■ **Exercise instructions**
Only one stretch of the data below is needed: the line with "Commerce group (Albert Memorial)" through the last line. Output it exactly and drop the pictures.

■ **Records for this exercise**
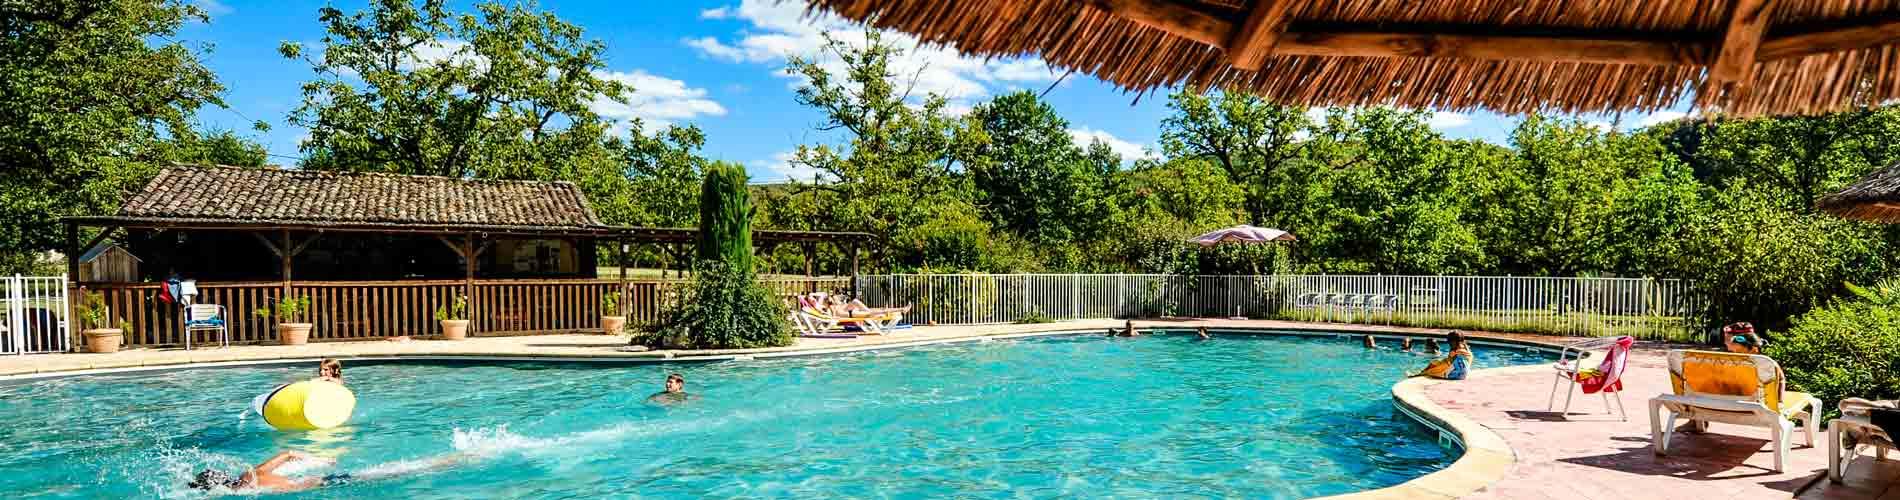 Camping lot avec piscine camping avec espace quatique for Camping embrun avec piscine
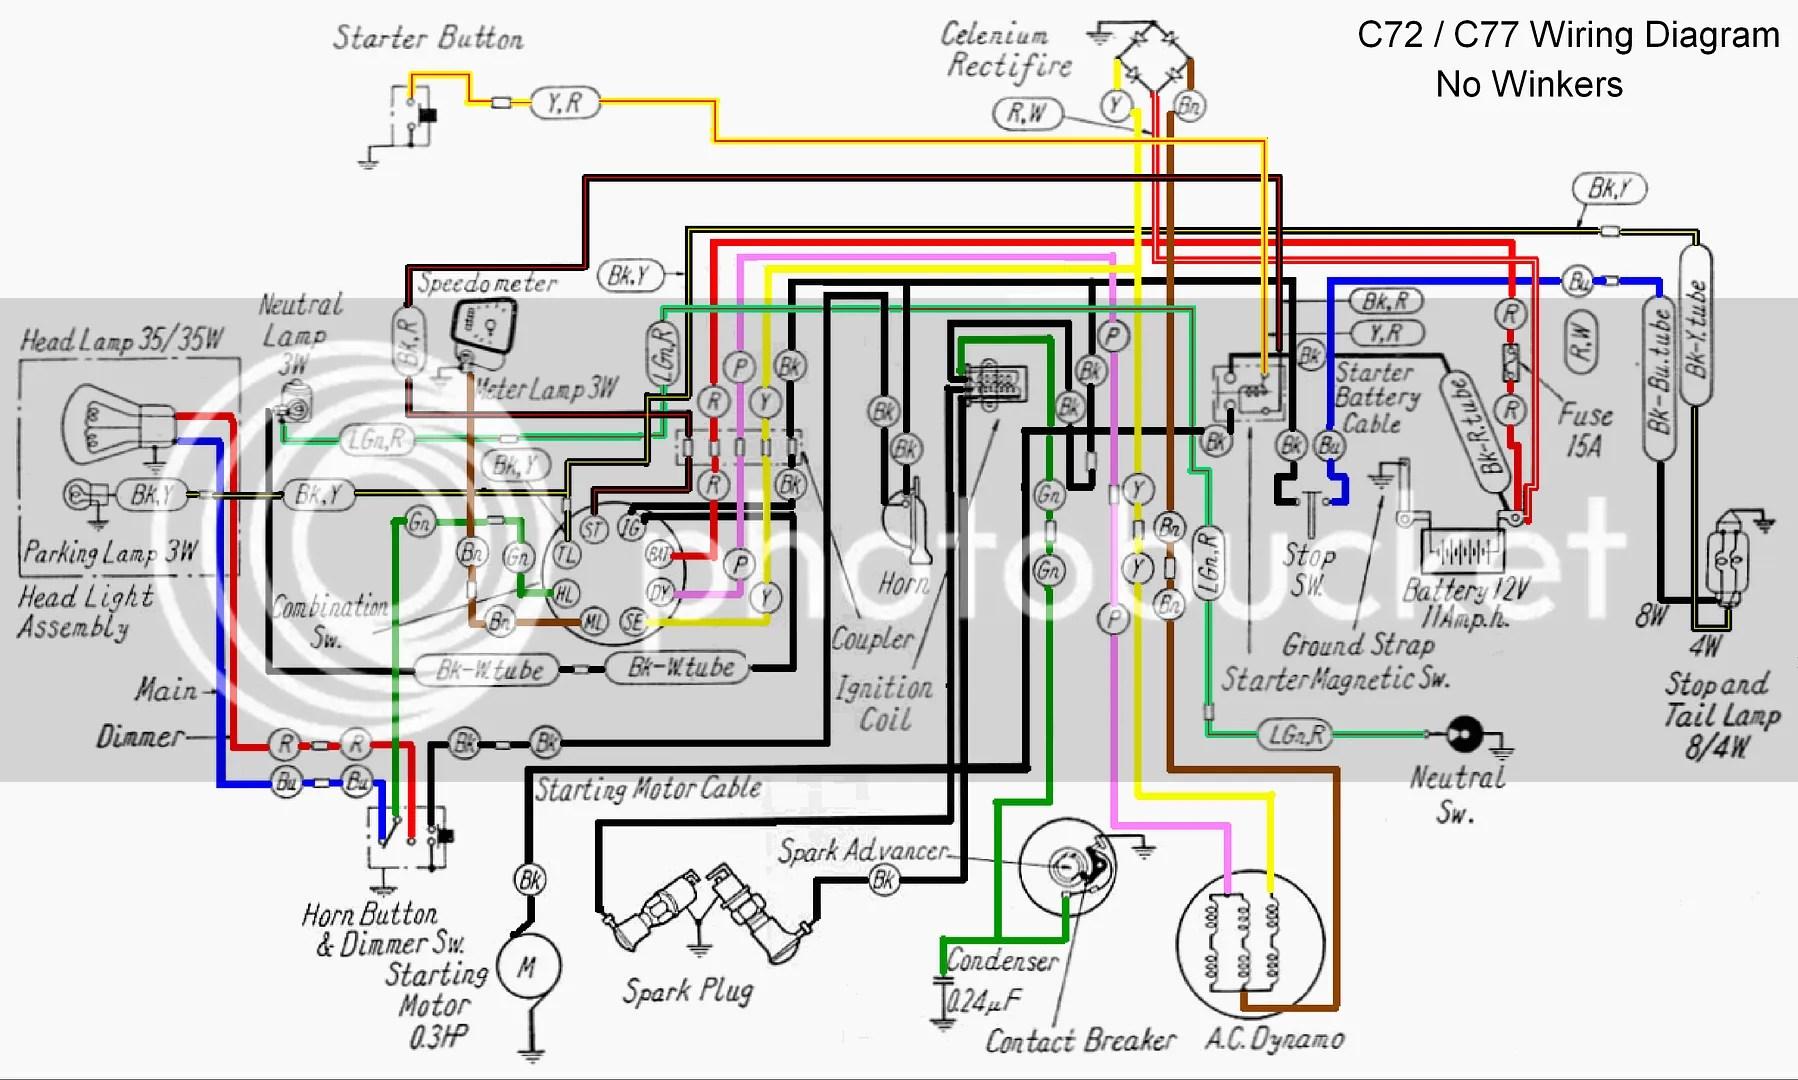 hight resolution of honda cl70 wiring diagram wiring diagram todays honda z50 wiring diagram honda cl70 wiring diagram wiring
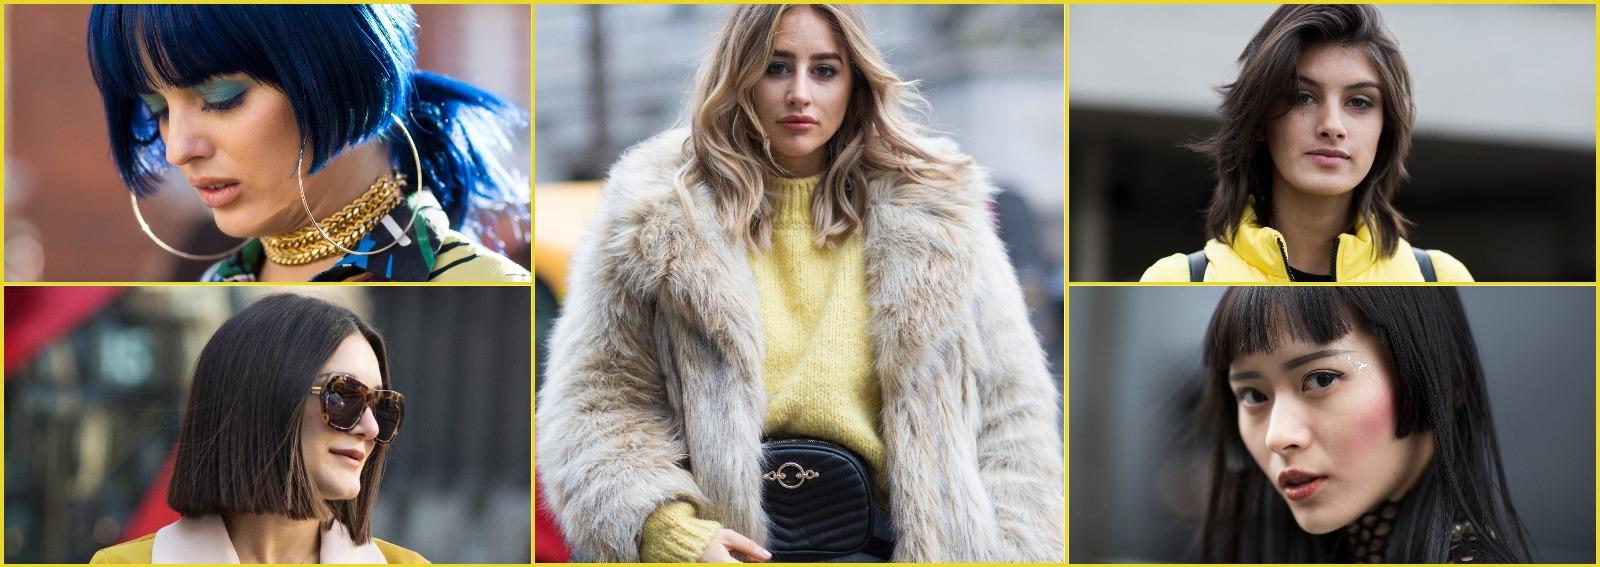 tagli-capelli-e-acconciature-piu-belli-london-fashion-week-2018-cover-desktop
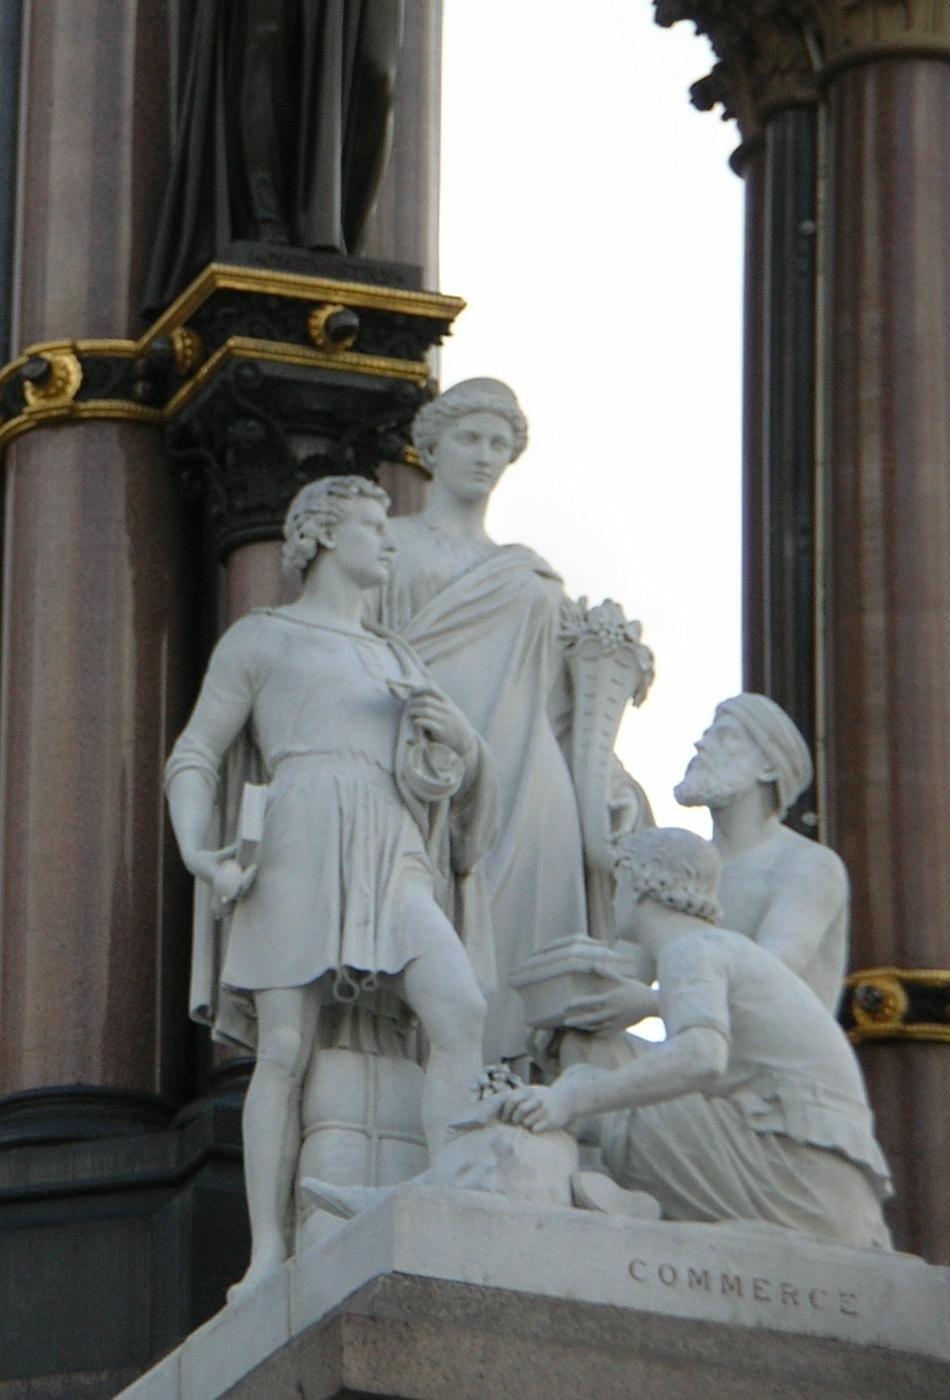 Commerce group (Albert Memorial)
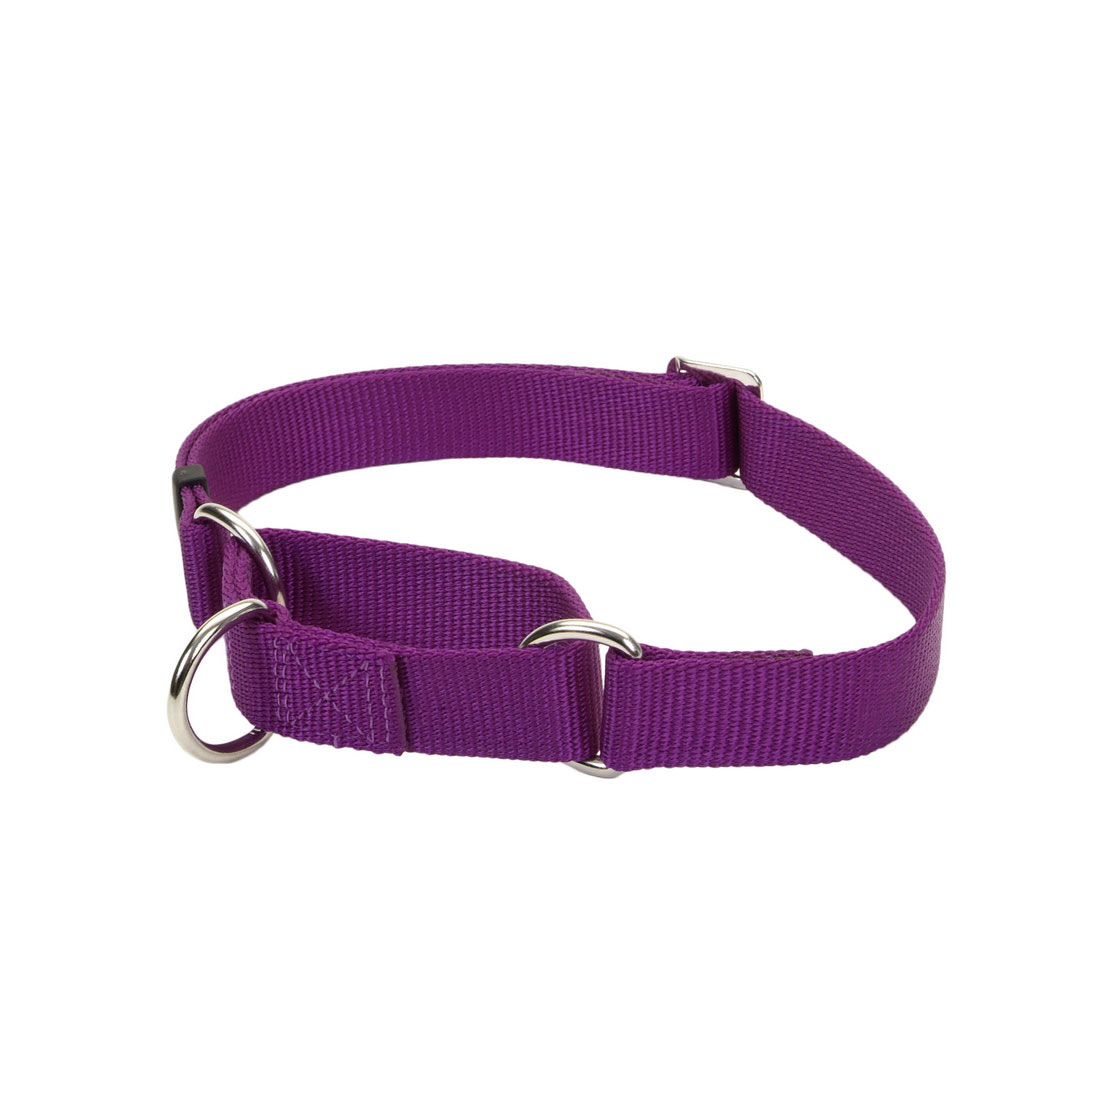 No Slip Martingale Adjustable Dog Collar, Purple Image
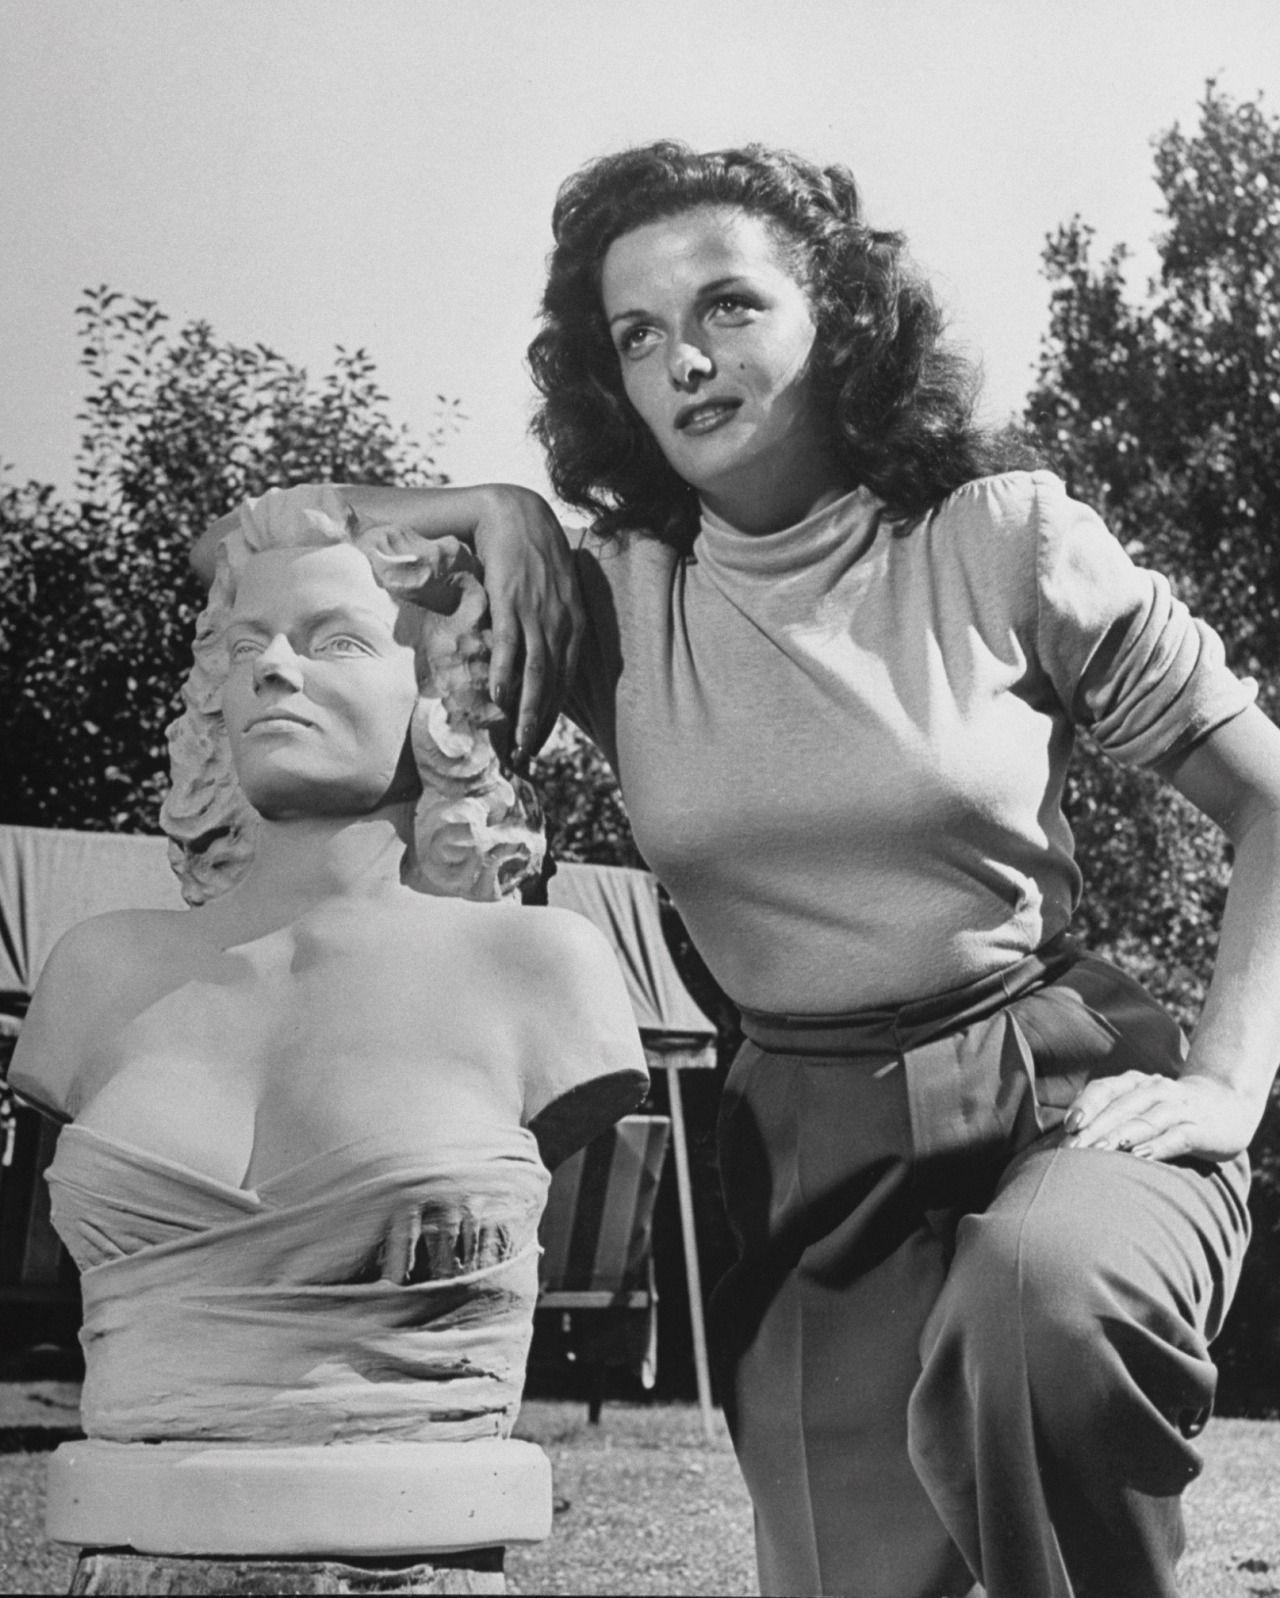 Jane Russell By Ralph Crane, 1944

■ **Result of the exercise**
 Commerce group (Albert Memorial)
 No Slip Martingale Adjustable Dog Collar, Purple Image
 Jane Russell By Ralph Crane, 1944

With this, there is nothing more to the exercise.